Principles of PHP collection programs

Source: Internet
Author: User
As needed, I want to write a simple PHP collection program. In the following example, I found a bunch of tutorials on the Internet and illustrated them. However, I found that all the tutorials on the Internet are plausible and none of them are actually usable.

As needed, I want to write a simple PHP collection program. In the following example, I found a bunch of tutorials on the Internet and illustrated them. However, I found that all the tutorials on the Internet are plausible and none of them are actually usable.

After a few days of hard work, I finally figured out the truth. Write it here, please correct it.
The idea of the collection program is very simple. It is simply to create a page first, usually a list page, get the address of all the links in it, and then open the link one by one to find what we are interested in. If you find it, it is stored in the database or processed in another way. The following is a simple example.

First, determine a collection page, which is generally the list area. Here the goal is: http://www.jb51.net/article/11/index.htm. This is a list page. Our goal is to collect all the articles on this list page.
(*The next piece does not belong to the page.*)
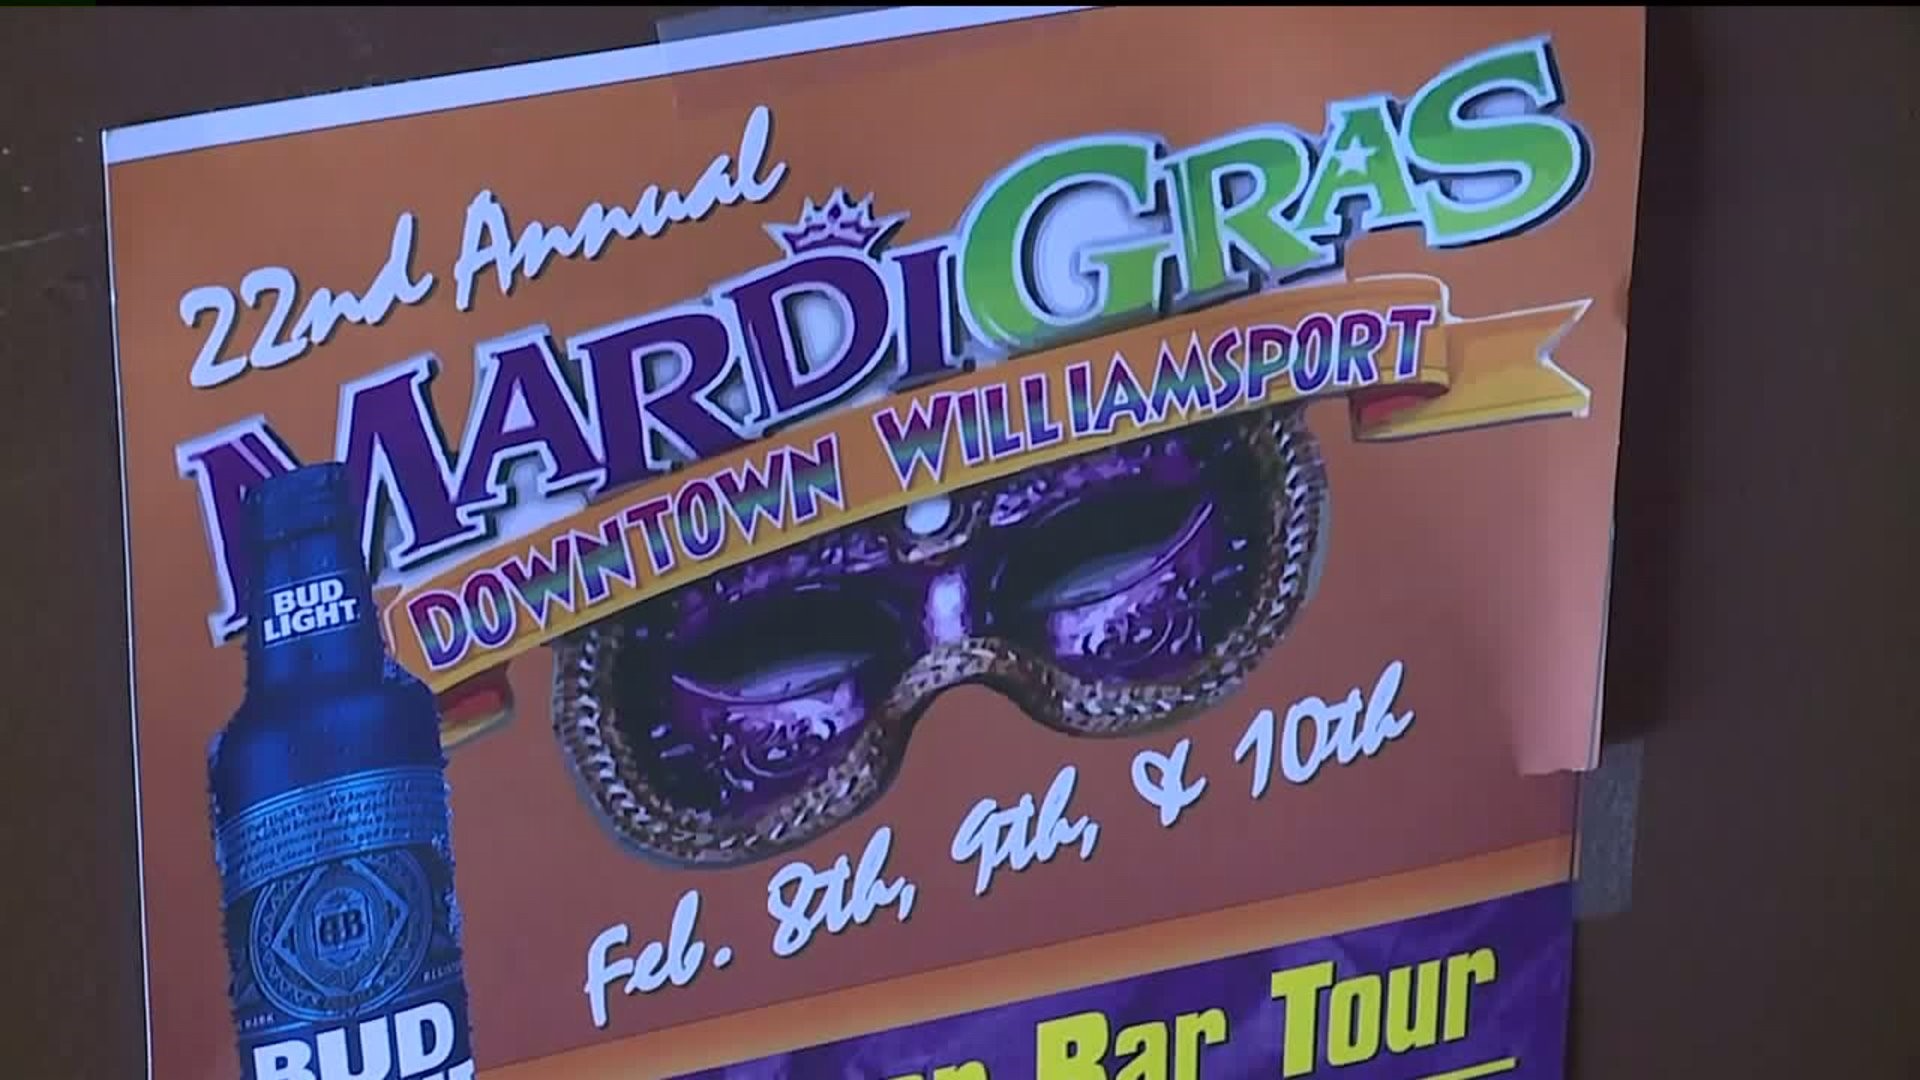 Ready for Mardi Gras in Williamsport

There is a list page. The first step is to open it and include its content in our program. Fopen or file_get_contents are generally used. Here we use fopen as an example. How can I open it? Simple: $ source = fopen ("http://www.jb51.net/article/11/index.htm", 'R'); The content has actually been included in our program. Note that $ source is a resource, not a processable text, so you can use the fread function to read the content into a variable. This is the real editable text. Example:
$ Content = fread ($ source, 99999); the following number indicates the number of bytes. Just fill in a large value. You use file_put_contents to write $ content to a text file. You can see that the content is actually the source code of the webpage. Get the source code of the web page, we will analyze the link address inside the article, here to use the regular expression, [recommended regular expression tutorial (http://www.jb51.net/article/7/all/545.1.htm)]. By viewing the source code, we can see that the link addresses in the article are all like this.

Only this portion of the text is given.